台湾から琉球に伝わるほんのり甘くてスパイシーな香り。


色と数字の織りなす星語り。

あなたも琉球占星術を試してみませんか?


-占術師アキラ


銀座にある隠れ家的なカフェテラスにて僕はパソコンを開いて黙々と作業をしていた。

琉球占術とは、東洋占星術と数秘術、古典風水に加えて心理学をベースにつくられた沖縄発祥のオリジナルの占いだ。と、同時に高級な天然石の販売も手掛けているので、店舗に立つ時はハイブランドのお洒落な服を着て出なければいけない。

ただし、インターネット店においては、ダイレクトレスポンスマーケティングといって、お問い合わせがきてから幾つかのステップを踏んで顧客とのリアルセッションがはじまるので、普段は、ヨレヨレのTシャツを着ている方が作業しやすい。
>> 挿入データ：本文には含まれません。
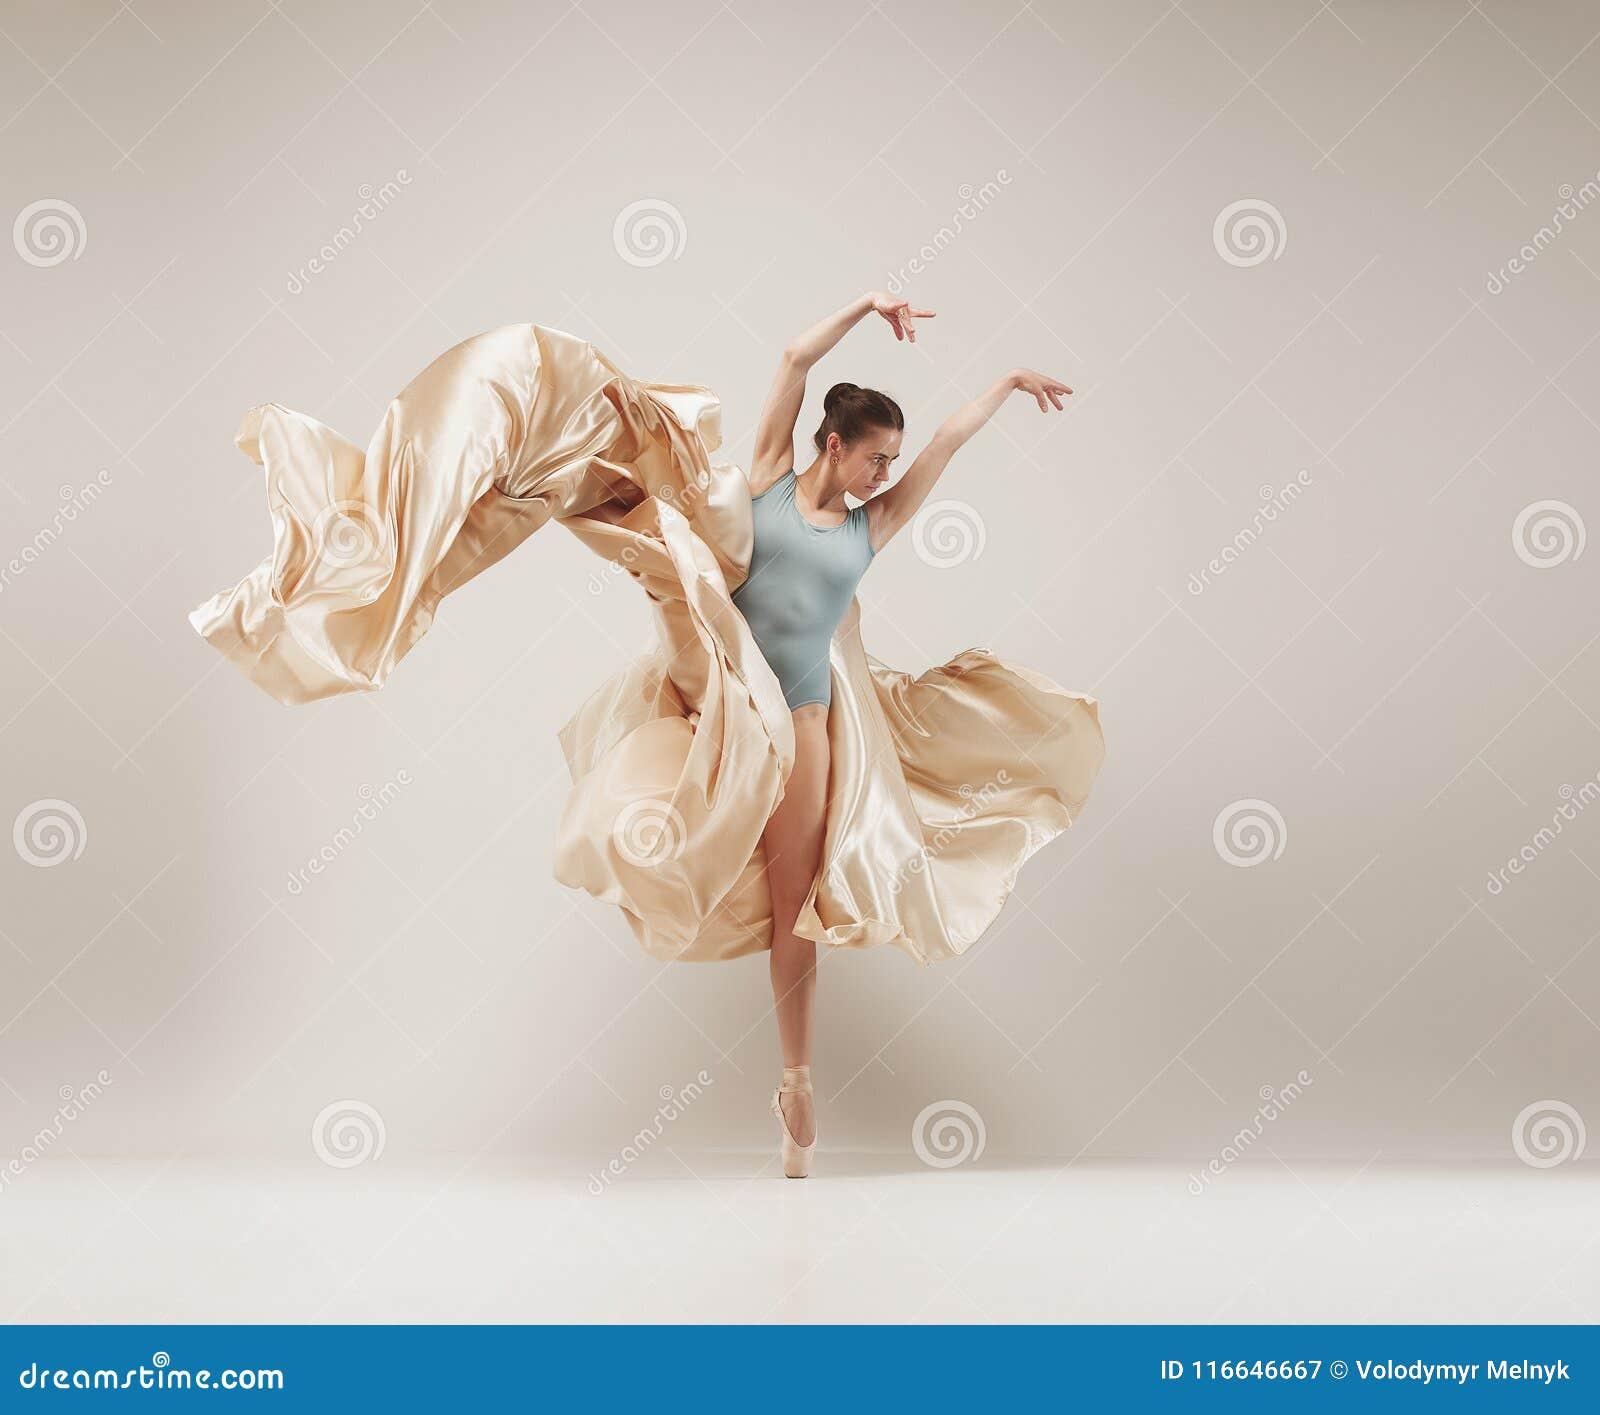 Dança do dançarino de bailado moderno no corpo completo no fundo branco do estúdio

最悪は急なセッションが決まった時にデパートでハイブランドの服を店員さんにセレクトしてもらってから試着して購入し、ヨレヨレのTシャツは「捨てて下さい」という臨機応変に動ける人材でなければ、ネットのスピード感についていけない。インターネット店は誰しもができるわけではない。
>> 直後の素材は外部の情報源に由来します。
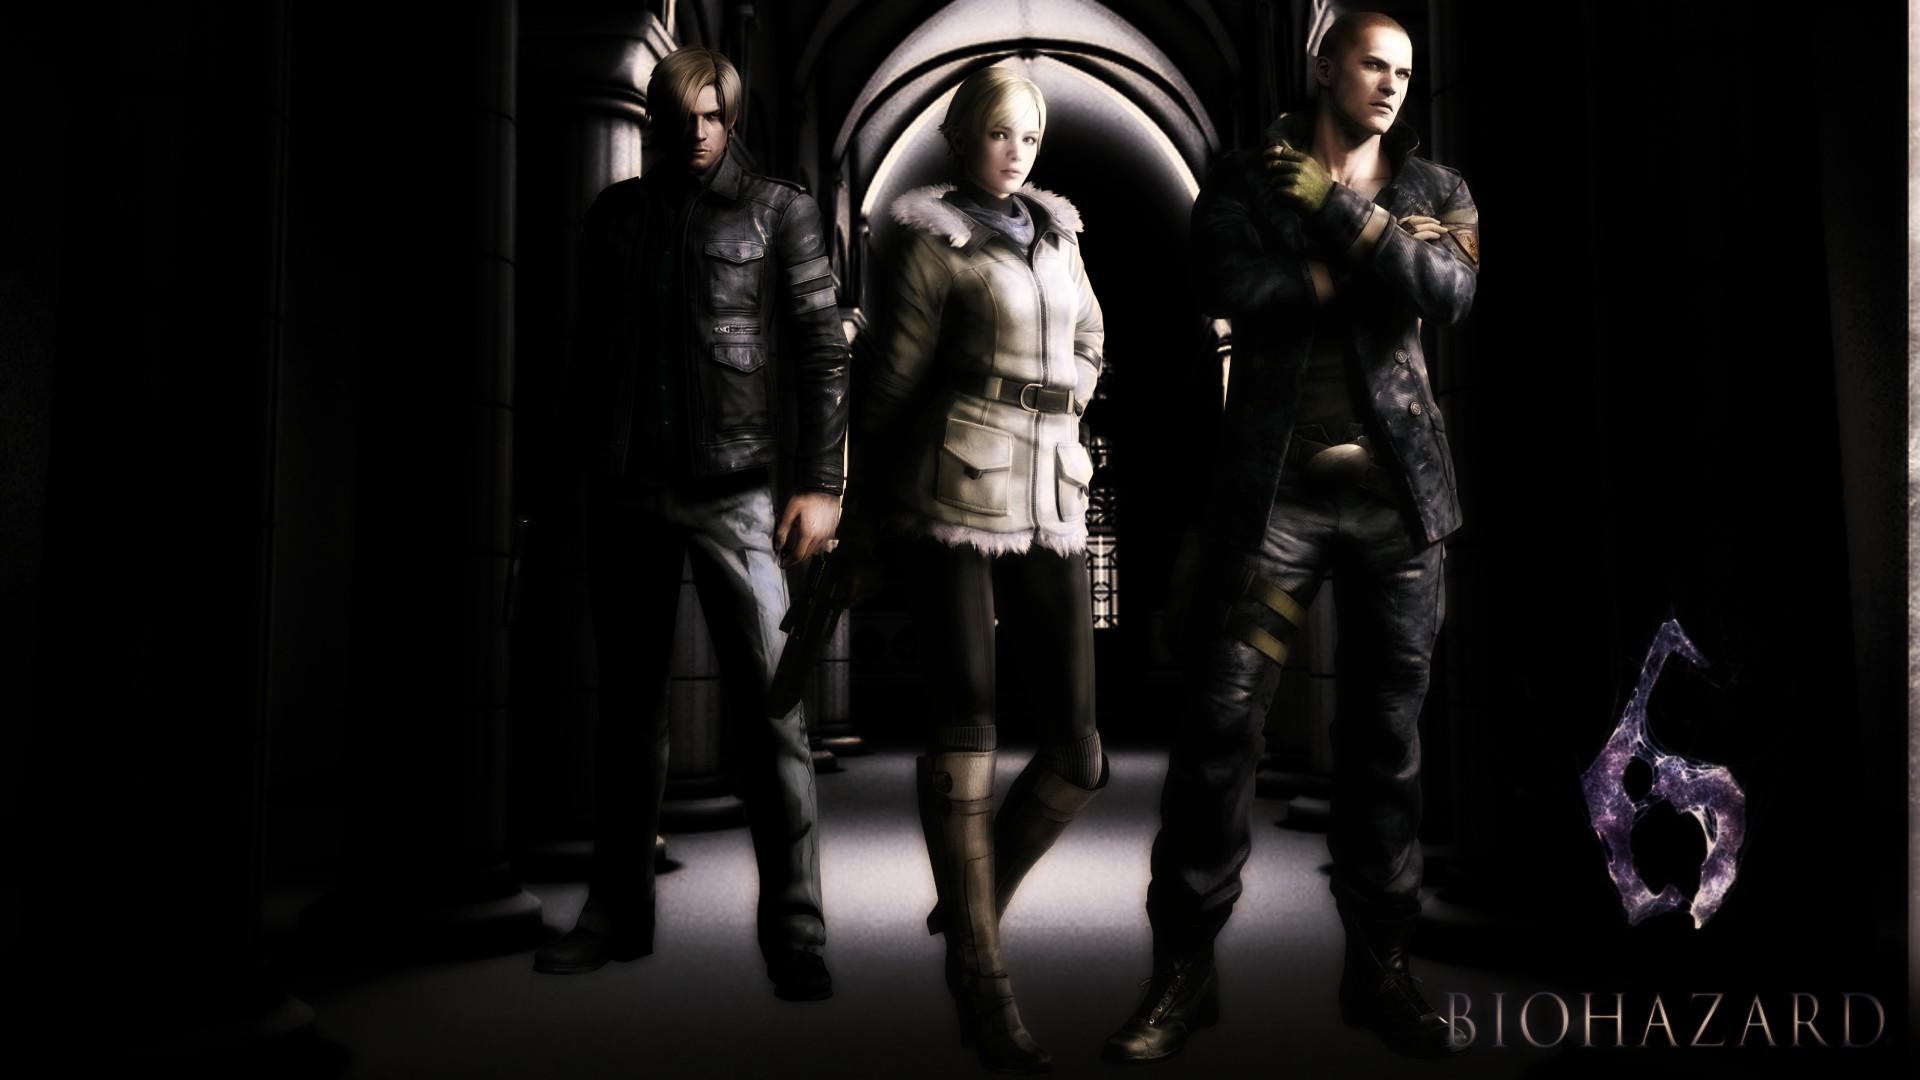 video_games_mass_effect_crysis_witcher_darksiders_arkham_asylum_mass_effect_2_assassins_creed_br.jpg  resident_evil_6_wallpaper_by_ladylionhart-d4x0qki.jpg …
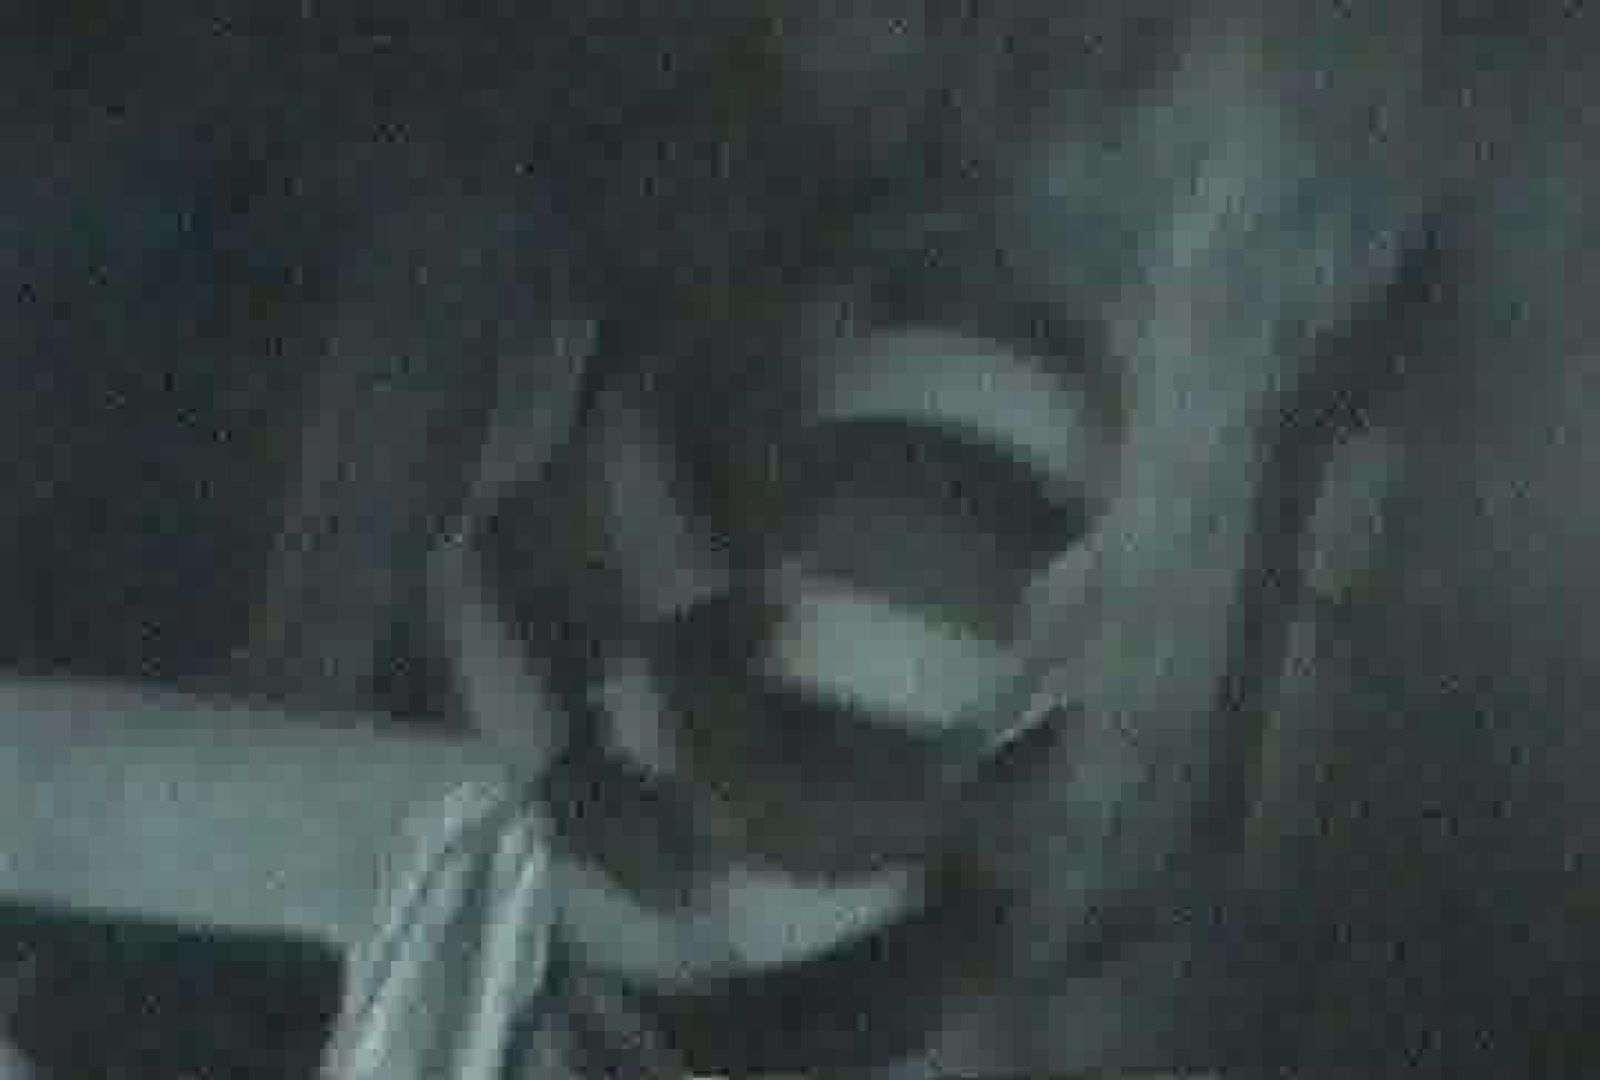 充血監督の深夜の運動会Vol.75 カップル AV無料動画キャプチャ 77pic 19

だから、発送作業がメインのリアル店舗よりもインターネット店はうちの会社において花形部署なのだ。


東京にて一人インターネットをメインに活動している僕は、沖縄で活動する占術の開発者である家元や家元の一番弟子である佳子先生たちとは主にLINEでやり取りをしている。

本店は沖縄県の国際通り沿いにあり、沖縄県はもともとは琉球王国という独立した国家であった。


僕の母親が沖縄出身ということもあるのだが、僕や家元、佳子先生は、沖縄県は日本ではないという認識を持っている。江戸時代に琉球王国が薩摩藩からの侵略を受けて、その後、琉球藩という名で日本に帰属することになったのだが、もともとは琉球王国は、中国との関わり合いが深く、東南アジア全域の国と貿易をして栄えた歴史があるので、沖縄県となった今でも、琉球民族であることに誇りを感じているひとが多い。てぃんさぐぬ花という沖縄民謡に代表されるように、琉球言葉は日本語とも中国語とも違う不思議なイントネーションで伸ばす音が特徴的なのだ。


コピーライティングやインターネットマーケティングのノウハウを教えて貰ったばかりの僕は、アメブロとFACEBOOKの記事に加えて、無料メール鑑定をこなしている。記事を5記事書き終えた僕は琉球グラスのカップに注がれた冷たいコーヒーを飲みほした。

実は、8月27日は僕の誕生日だったのだが、宮沢賢治の誕生日も8月27日であることにご縁を感じていて、占い師というよりは、未来、小説家になるのが夢でこの世界に入ってきた。


しかし、普段ろくに本も読んでこなかった自分は、短い文章を書くことでも精いっぱい。

もともと無い頭をフルに使って記事を書いているのだし、せっかくの誕生日なのだから、たまには仕事から離れてご褒美に甘いケーキでも食べたいところだ。


FACEBOOK記事はタイムライン上に消えていく性質の宣伝だから、読んでもらえるのにも一苦労する。僕はさっき書き上げたばかりの記事を読み直した。

スパイシーな香りと星語りをかけて韻を踏んでみたのだが、3行広告は詩的なセンスがいるので、昔、アマチュアのバンド活動で歌詞を書き続けていたことが、家元や佳子先生に評価され始めていたことに対してとても嬉しくやりがいを感じていたのだ。


僕はカフェテラスの窓際の席から外を眺めた。

夕暮れの景色を観ながら歩くことが大好きな僕は仕事道具のパソコンとスマホ、ノートをレザーのビジネスバッグにしまい帰り支度をはじめた。


そういえば今日は、満月。


喫茶店をでると、お洒落でセレブなお嬢様たちと何度もすれ違って、彼女たちを眺めているとなぜか無性にタバコが吸いたくなるのだ。有楽町駅周辺で唯一タバコが吸えるのはパチンコ屋か少し離れたところにある公園だけだ。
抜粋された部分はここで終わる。